Your instructions: Only lines holding the word "baby" are wanted from the records; copy all of them.

╭─ Input

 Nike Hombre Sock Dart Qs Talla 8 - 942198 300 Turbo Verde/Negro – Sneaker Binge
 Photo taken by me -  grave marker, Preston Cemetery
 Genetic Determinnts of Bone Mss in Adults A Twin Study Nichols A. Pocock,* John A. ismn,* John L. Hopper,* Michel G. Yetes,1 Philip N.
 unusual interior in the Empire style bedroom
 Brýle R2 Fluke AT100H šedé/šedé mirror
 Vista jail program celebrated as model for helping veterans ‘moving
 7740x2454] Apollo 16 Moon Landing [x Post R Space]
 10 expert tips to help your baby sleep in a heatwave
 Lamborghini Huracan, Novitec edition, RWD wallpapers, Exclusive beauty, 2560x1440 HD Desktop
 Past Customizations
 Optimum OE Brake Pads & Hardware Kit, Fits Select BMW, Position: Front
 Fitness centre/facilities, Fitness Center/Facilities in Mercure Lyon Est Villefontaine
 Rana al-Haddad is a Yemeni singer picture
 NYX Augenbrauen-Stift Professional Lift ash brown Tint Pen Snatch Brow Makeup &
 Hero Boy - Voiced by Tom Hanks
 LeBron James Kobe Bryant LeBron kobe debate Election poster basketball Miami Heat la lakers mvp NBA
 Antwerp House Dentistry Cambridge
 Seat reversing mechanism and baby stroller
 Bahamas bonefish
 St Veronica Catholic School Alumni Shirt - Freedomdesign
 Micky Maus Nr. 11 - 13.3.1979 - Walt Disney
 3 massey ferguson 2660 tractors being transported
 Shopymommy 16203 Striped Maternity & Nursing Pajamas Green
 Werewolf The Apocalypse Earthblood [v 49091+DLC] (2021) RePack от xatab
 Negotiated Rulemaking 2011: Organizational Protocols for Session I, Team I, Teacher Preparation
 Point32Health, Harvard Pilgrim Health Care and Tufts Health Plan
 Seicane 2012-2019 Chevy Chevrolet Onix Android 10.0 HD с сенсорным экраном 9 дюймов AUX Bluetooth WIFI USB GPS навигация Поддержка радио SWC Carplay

╰─

Response to this exercise:
 10 expert tips to help your baby sleep in a heatwave
 Seat reversing mechanism and baby stroller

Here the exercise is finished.